Он провел пальцем вдоль подвздошной кости, спустился рукой чуть ниже, но Лиза, не двинувшись, довольно больно толкнула его в плечо.

— Играй честно, — хрипло сказала она, и Хаус не мог не заметить — это была скорее мольба, чем повеление.

Его руки вновь властно легли на ее талию, спустились ниже, погладили ткань трусиков, скользнули вдоль нежной кожи на внутренней стороне бедра. Лиза шатнулась и прикрыла на мгновение глаза. Сдержать дрожь было непросто.

Теперь его руки были везде. Они осторожно касались нежной впадинки над ягодицами, рисовали замысловатые фигуры чуть ниже пупка, обжигали теплом. Кадди вновь едва не упала. «Можешь опереться о меня, — неразборчиво пробормотал Хаус, и Кадди положила руки ему на плечи, — с твоих каблуков высоко падать».

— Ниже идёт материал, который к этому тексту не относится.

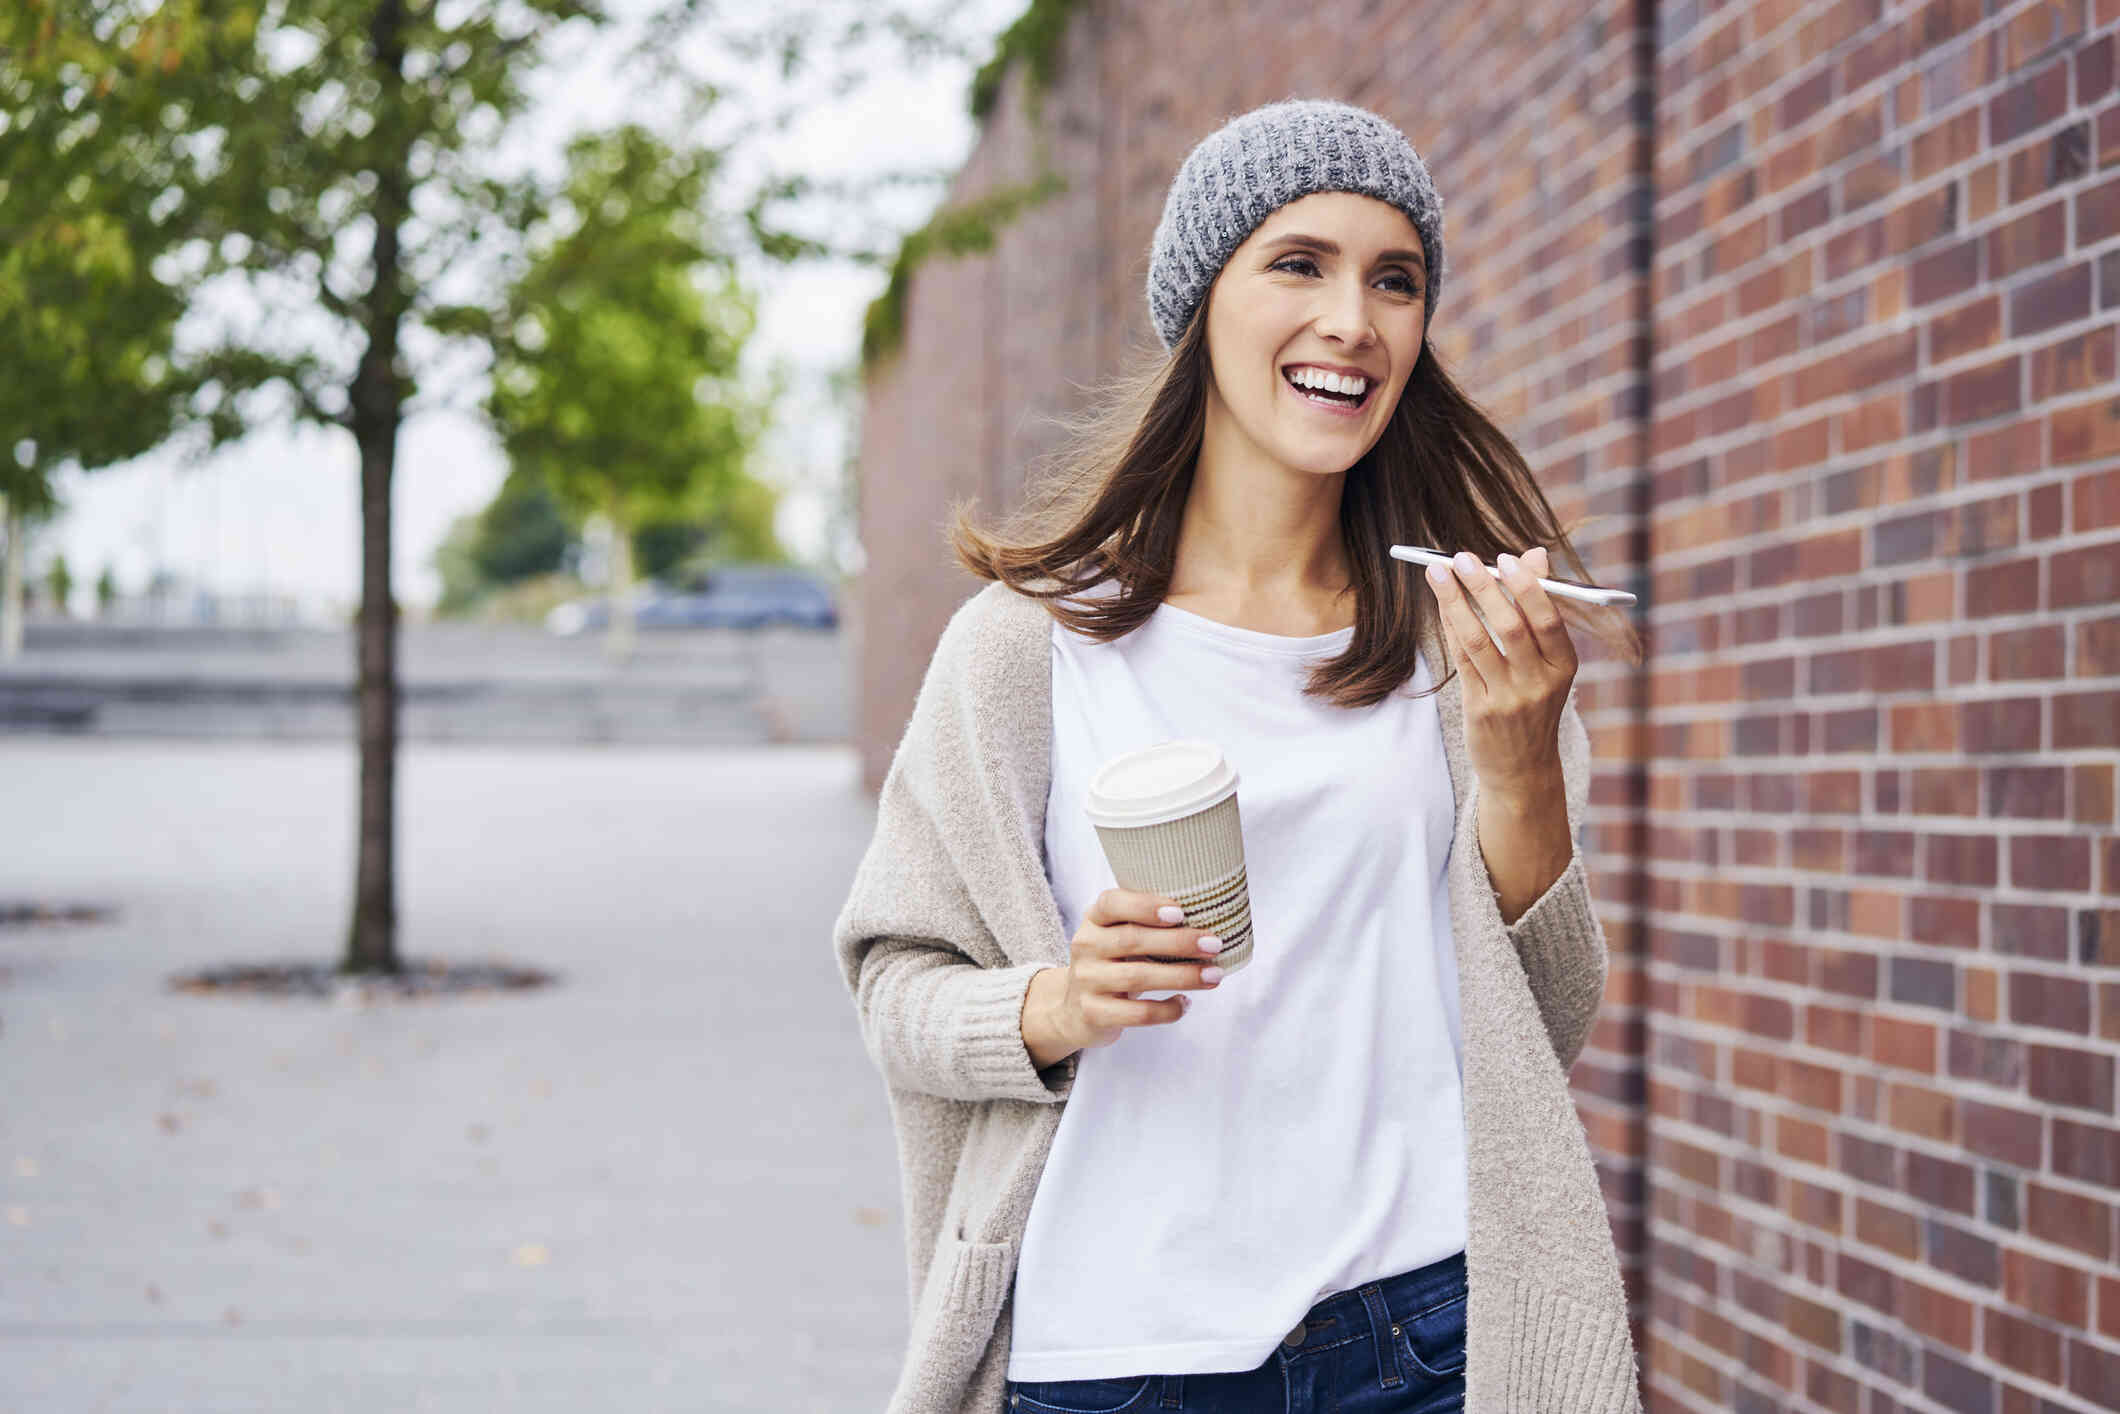 A woman in a beaning holds a cup of to go coffee in one hand and her phone in the other while talking on the phone and smiling as she walks down the sidewalk.

Теперь она не смела возразить ему, хотя его руки мяли ее бедра так, что почти наверняка оставались следы. Кадди затаила дыхание. Отвлечься от происходящего было трудно, даже не так — невозможно. Наконец, его пальцы проникли под кружево, и вместе с ним медленно стали опускаться вниз.

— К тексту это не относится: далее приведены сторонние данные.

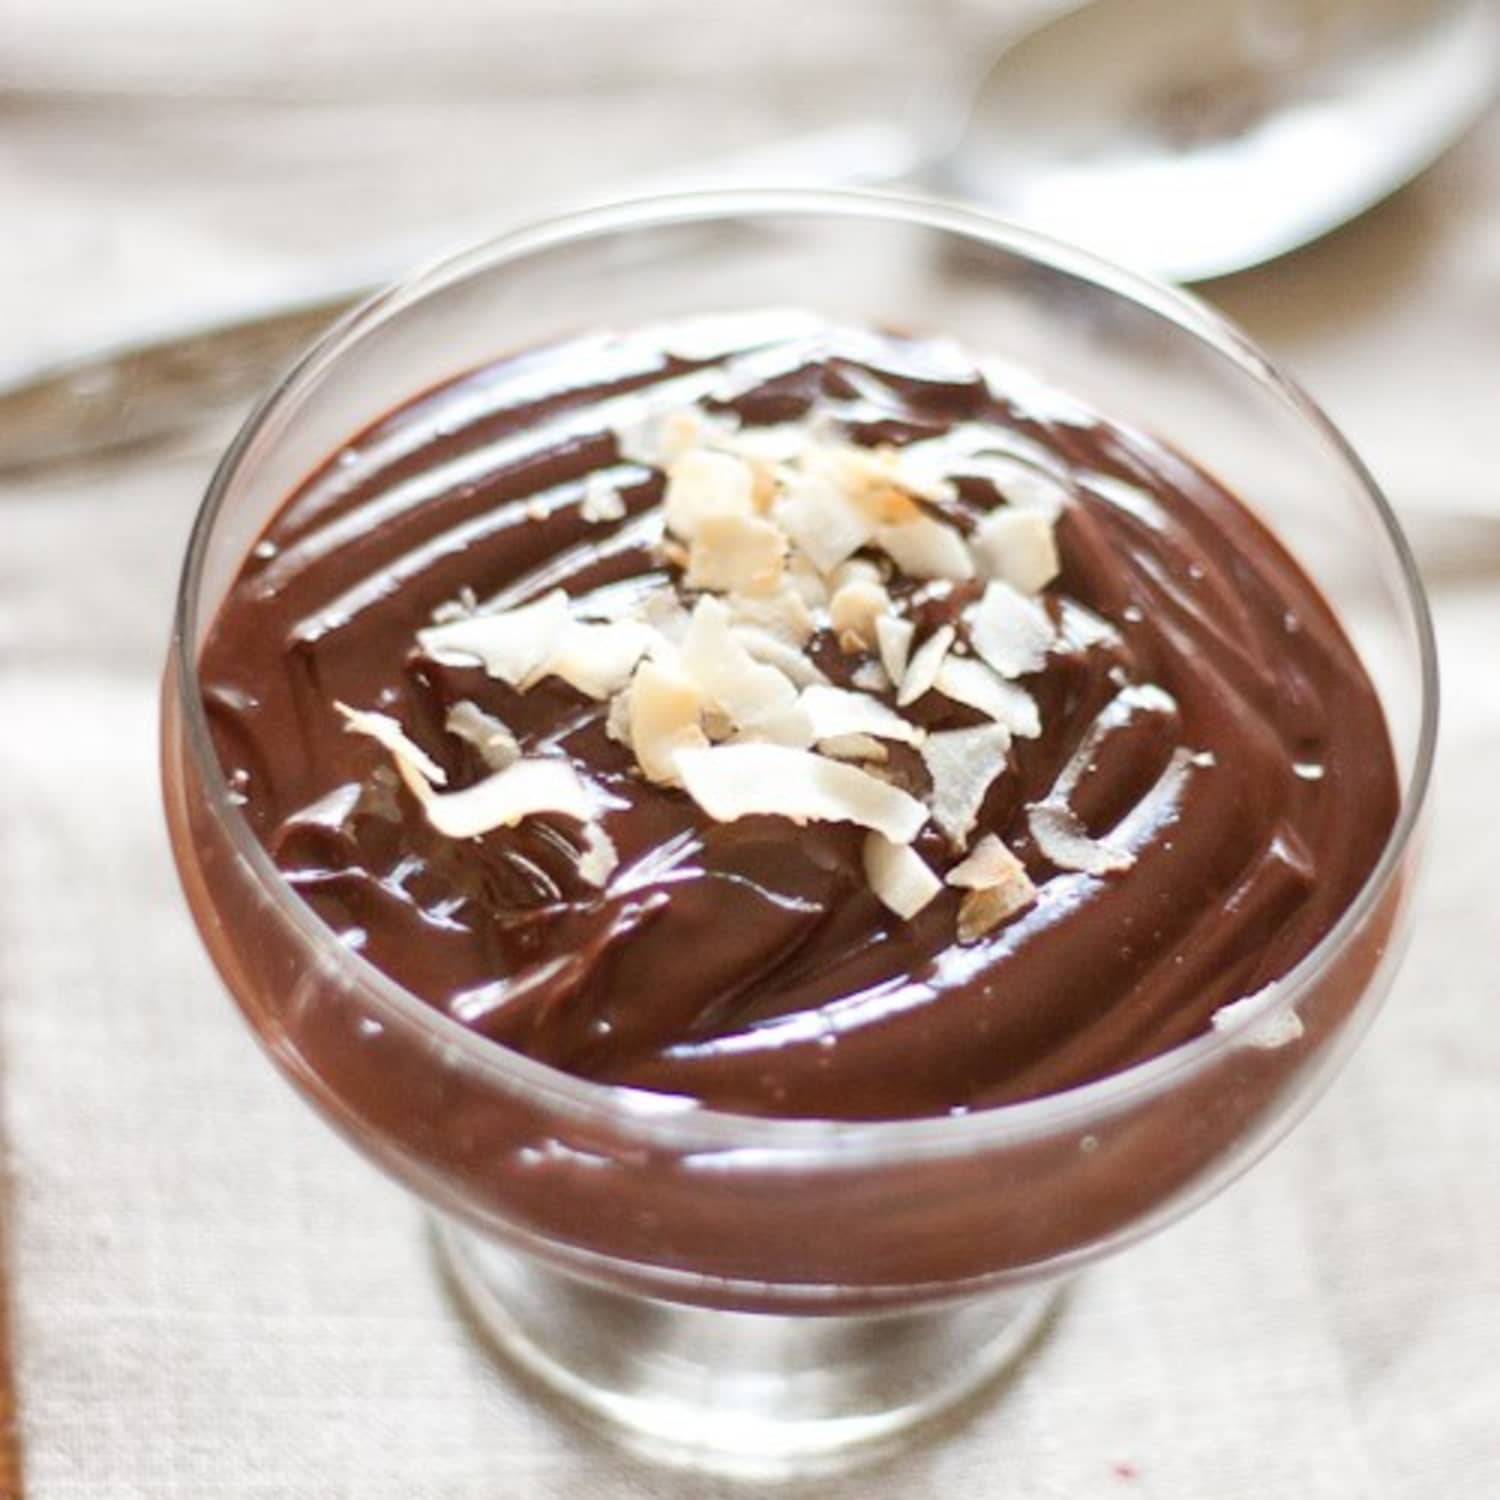 Dessert Coconut Chocolate Pudding with Coconut Flakes | Kitchn

И все это время он не переставал смотреть ей в глаза.

— Фетишист, — попробовала скривиться Лиза. Хаус наморщил нос.

— Стерва!

Он задержал руки сразу под ее коленями. Нога немилосердно болела, но именно сейчас он этой боли почти не чувствовал.

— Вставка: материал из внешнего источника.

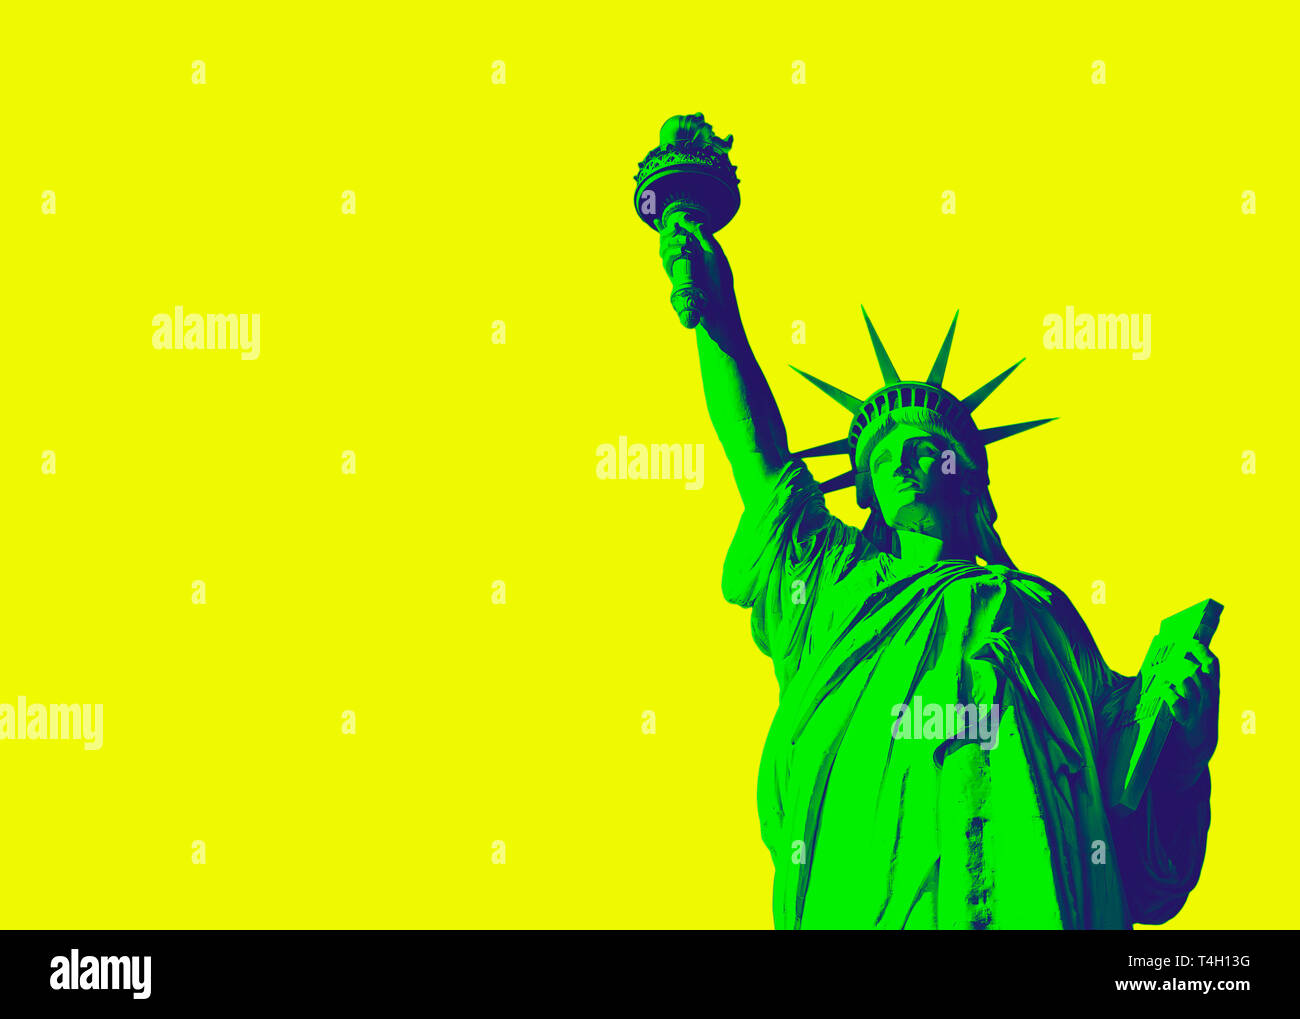 Bottom view of the famous Statue of Liberty, icon of freedom and of the United States. Yellow and green duo tone effect applied Stock Photo

— Переступай, — и Лиза послушно позволила ему снять трусики, не зацепив высоких каблуков туфель. Его руки оказались за ее спиной. Хаус поднялся.

Точно так же, не глядя вниз, он вернул юбку на место.

— Можешь меня не прижимать к себе так страстно? — Хаус усмехнулся, расцепляя руки, — Уилсон завтра обзавидуется.

— Ты ему не скажешь! — в голосе Лизы была угроза. Грегори Хаус улыбнулся, вертя кружевные трусики на пальце правой руки.

— Поцелуемся? — предложил он спокойно, — или перейдем сразу к той части, где ты снимаешь с меня…

— Идиот, — Кадди закатила глаза, и обошла мужчину, села на диван, — тридцать шесть часов в клинике. Ты примешь всех пациентов и будешь с ними вежливым.

— Ты меня хотела, — продолжал гнуть свою линию Хаус.

— Нет.

— А трусики говорят — хотела, — Хаус подошел к ней вплотную, и утвердительно кивнул, — я полностью удовлетворен. Пока, Кадди.

Он сел на диван и закинул ногу на спинку. Лиза молча проглотила очередное его оскорбление. Она хотела ответить колкостью на колкость, как и всегда, но в этот раз уцепиться ей было не за что — это ведь он взял больничный и отлеживался, кайфуя, дома. Принстон Плейсборо по-прежнему нуждалась в своем гении.

Хлопнула входная дверь, и Грегори Хаус проклял свою нерешительность. Оттягивать это мгновение или нет — он был бы не собой, если бы не сделал честную попытку сблизиться. Конечно, речь не могла идти о слове на букву «л», даже думать было бы кощунственно. Грегори Хаус знал, что снова вел себя, как последняя скотина. Грегори Хаус начинал верить — против всех доводов рассудка — что из всех женщин мира только Кадди могла по-настоящему принять его, невзирая на всю его несносную колючесть.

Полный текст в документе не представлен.